All community input will be taken into account in our analysis of the application and ultimately staff’s recommendations to City Council. Council will consider policies, the public interest and staff recommendations when making its decision to approve or deny the rezoning application.

If you would like to view the plans which have been submitted with the application, please enquire at the Planning Department reception desk on the Third Floor, in the East Wing of City Hall, at 2675 Yukon Street. For additional information you can also contact the applicant, Alan Davies, Acton Ostry Architects Inc. at
604.739.3344.

The Freedom of Information and Protection of Privacy Act deems any response to this notification to be public information. If you have contracted to sell or lease all or part of your property to any person, firm, or corporation, we strongly urge you to deliver this courtesy notification letter, as soon as possible, to the prospective buyer or tenant.

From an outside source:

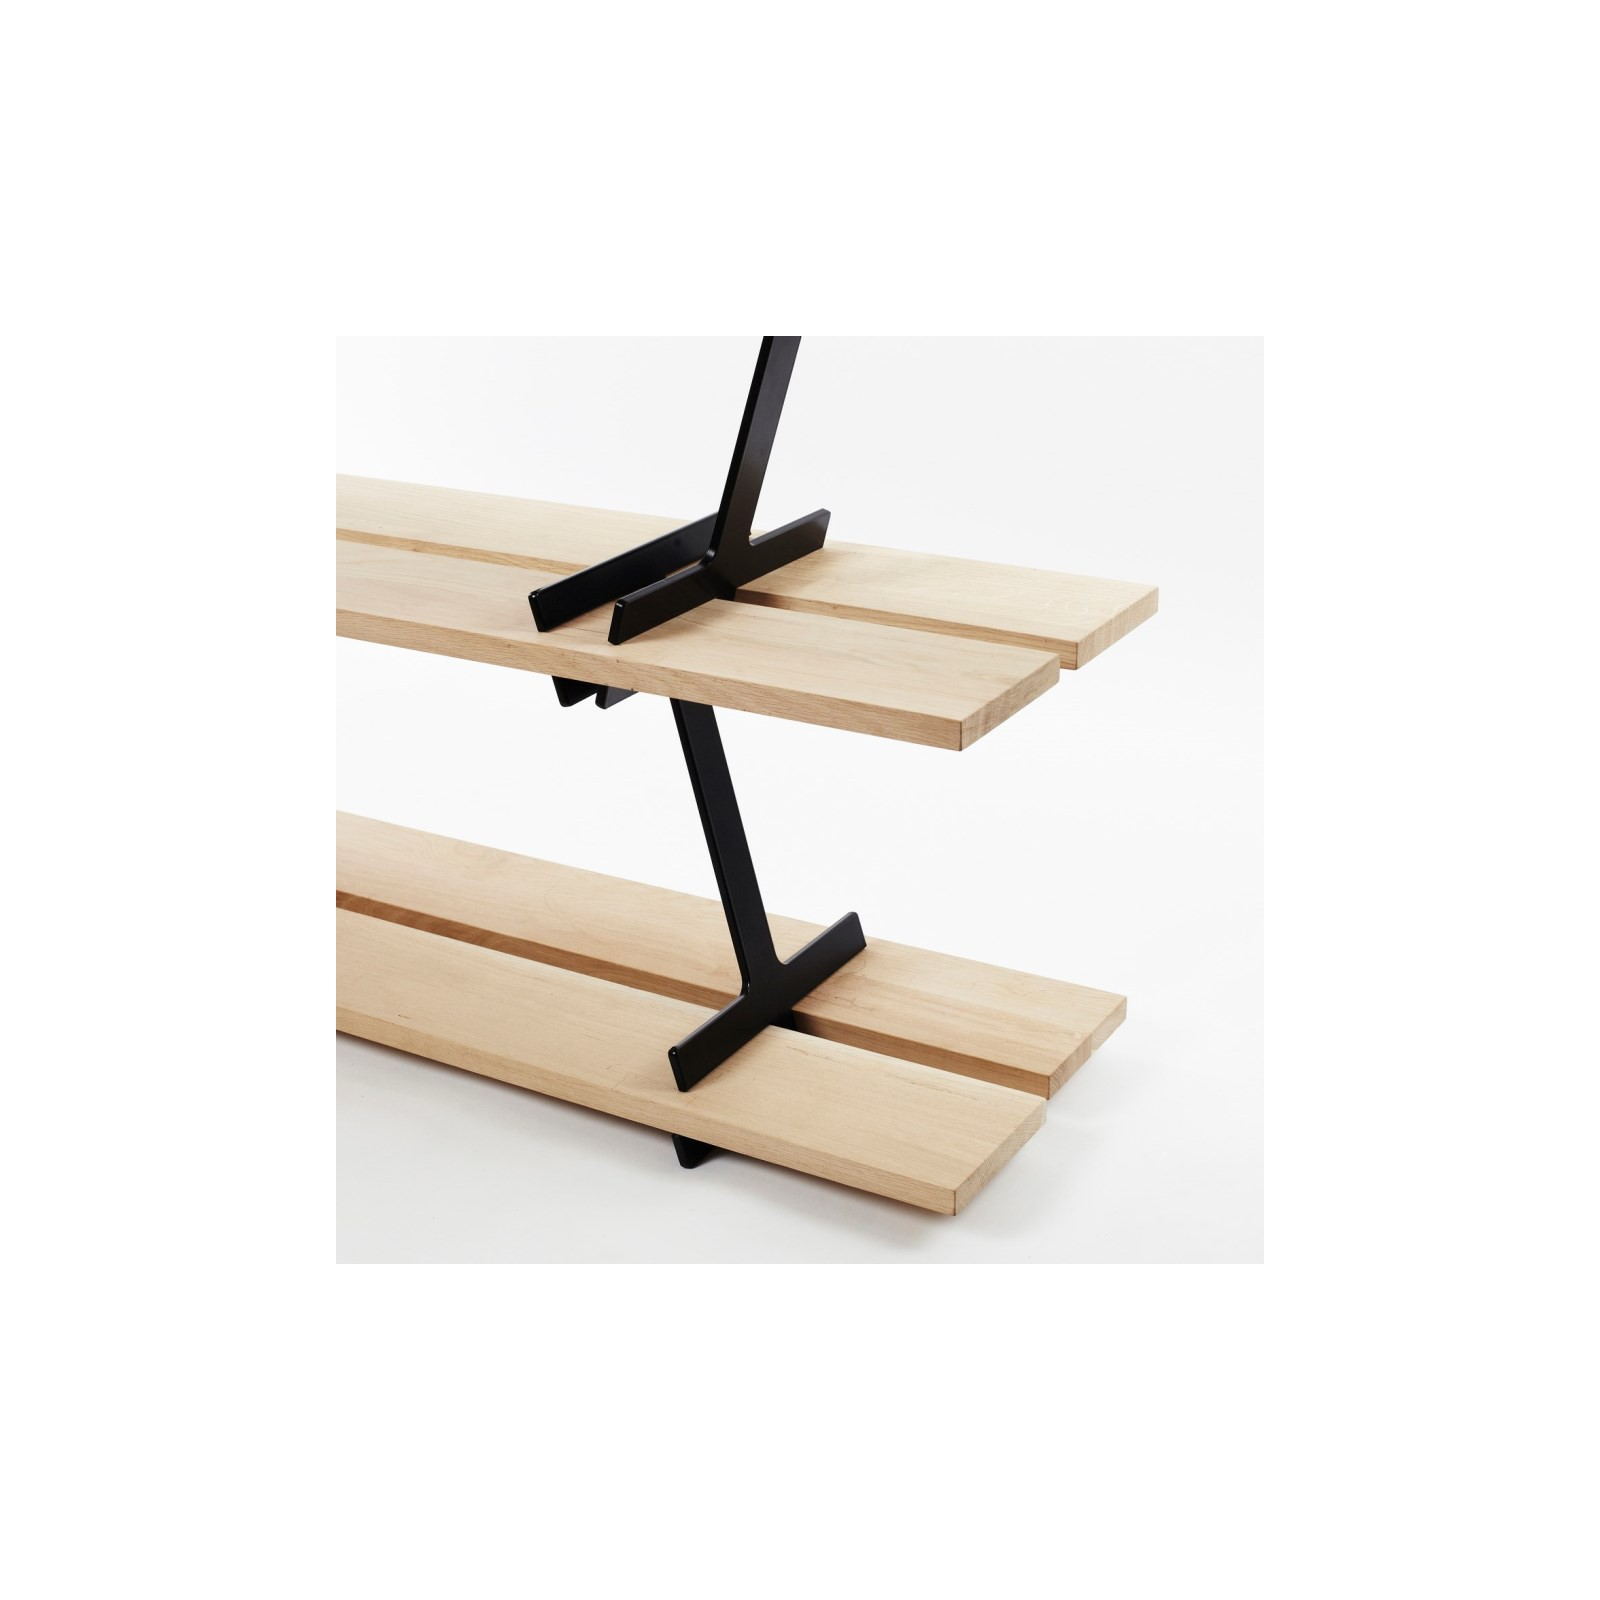 etag re grand ecart noire arne concept. Black Bedroom Furniture Sets. Home Design Ideas

If you have any questions or would like to discuss the application, please call me at 604.873.7727. You may also send written comments to me at the address below, by fax to 604.873.7060, by E-mail to alison.higginson@vancouver.ca, or online through www.vancouver.ca/rezapps.

Yours truly,

Alison Higginson Rezoning Planner alison.higginson@vancouver.ca Phone: 604.873.7727

AH/ws


F:\VanDocs Offline Records\Offline Records (VP)\236 E ~ Land Administration and Planning - Rezoning - Rezoning Case Files\236 E Broadway - Notification
& Community Workshop - March 5th - 2011-02-23.DOC(09 IA)
City Hall 453 West 12th Avenue Vancouver BC V5Y 1V4 vancouver.ca
Current Planning - Rezoning tel: 604.873.7038 fax: 604.873.7060



The plan is artfully written to include six stories on one side, as if that would hide the tower looming over it. It also includes an artist's studio space - perhaps a tribute to the artist whose studio burned at that site and who lost 500 paintings, though she might not be able to afford this one. And it includes a larger than average number of rental units. However, how often have we seen these amenities peeled off one by one as the developers run crying to the city that they hadn't foreseen the inevitable cost overruns?